Hola, soy Sven Bjornstrom. Diversas personas me han llamado a menudo sueco chiflado, y admito que soy pálido de piel y que tengo los dientes tirando a amarillos. Soy bastante competente en tres idiomas, aunque no los domino del todo, incluyendo, como podréis deducir al instante, este que estoy usando ahora. No se me permite divulgar la identidad ni el nombre del otro idioma, o tercer idioma, por razones que pronto quedarán más claras que las borrajas. Y bueno, os preguntaréis cómo es que admito que me llaman sueco chiflado. ¡Pues muy fácil! Estaré encantado de explicároslo a medida que avance mi historia. Veréis que mi vida no carece por completo de momentos de satisfacción y que también he gozado como el que más de risas de corazón, y también de la atención más que ocasional de toda una serie de mujeres, empezando por las parcialmente atractivas y luego bajando toda la escala hasta las feas variadas o algo peor. No llegué a conocer muy bien a todas, la verdad.

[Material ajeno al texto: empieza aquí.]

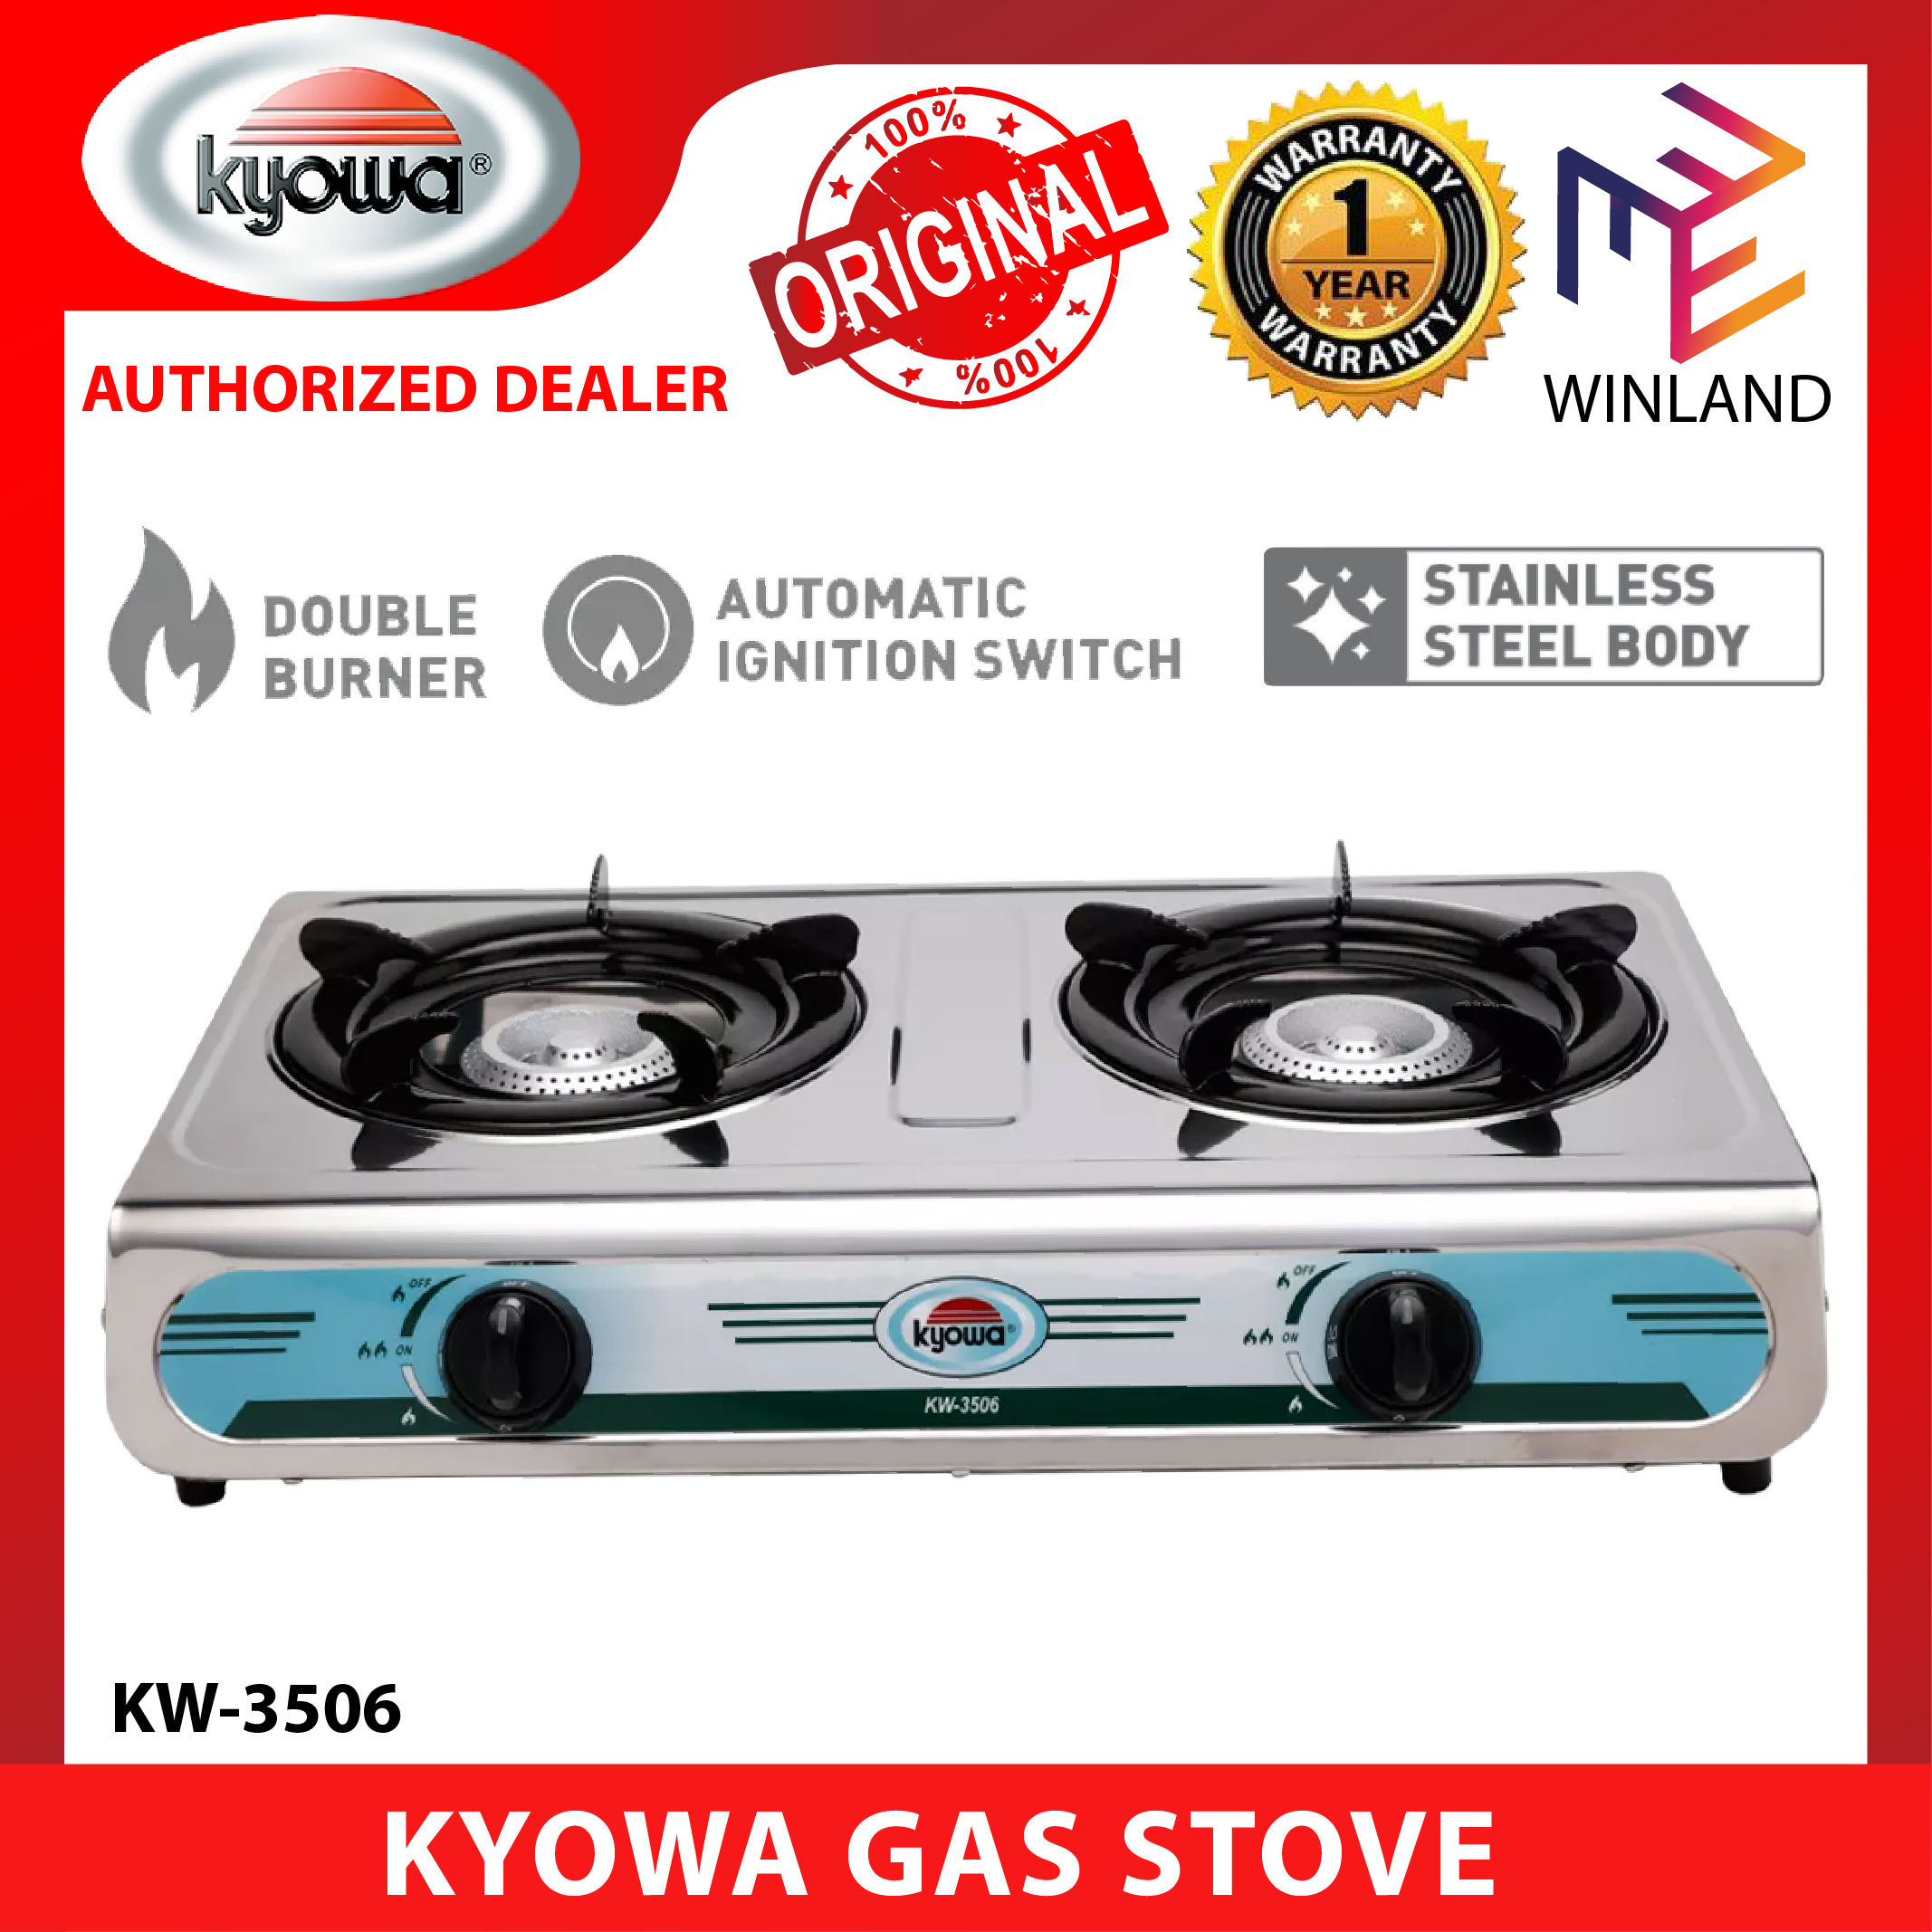 Winland Stainless Steel Double Burner Gas Stove with Cast Iron Burners

Siempre he intentado portarme de forma honorable y hasta con una pizca de sinceridad estricta con mis congéneres, una especie de rasgo que hay que meter a la fuerza en las cabezas de los bebés suecos, da igual quiénes sean. Día a día y año a año, la honorabilidad y la sinceridad. ¡Es lo que suele llamarse el broche de oro sueco! Muchos de estos rasgos de costumbre se basan del todo en las muchas enseñanzas de Jesucristo, o bien, como lo llamamos a veces en broma los suecos, «el primer luterano». De vez en cuando, alguien sugiere que esto se parece mucho a una blasfemia, y sin embargo al mismo Jesús le gustaba echarse unas buenas risas y un vaso de cerveza fría, sí. El mundo está lleno de mucha gente que en realidad no tiene deportividad. Hay quien opina, medio en broma, que de vez en cuando habría que matarlos, jaja.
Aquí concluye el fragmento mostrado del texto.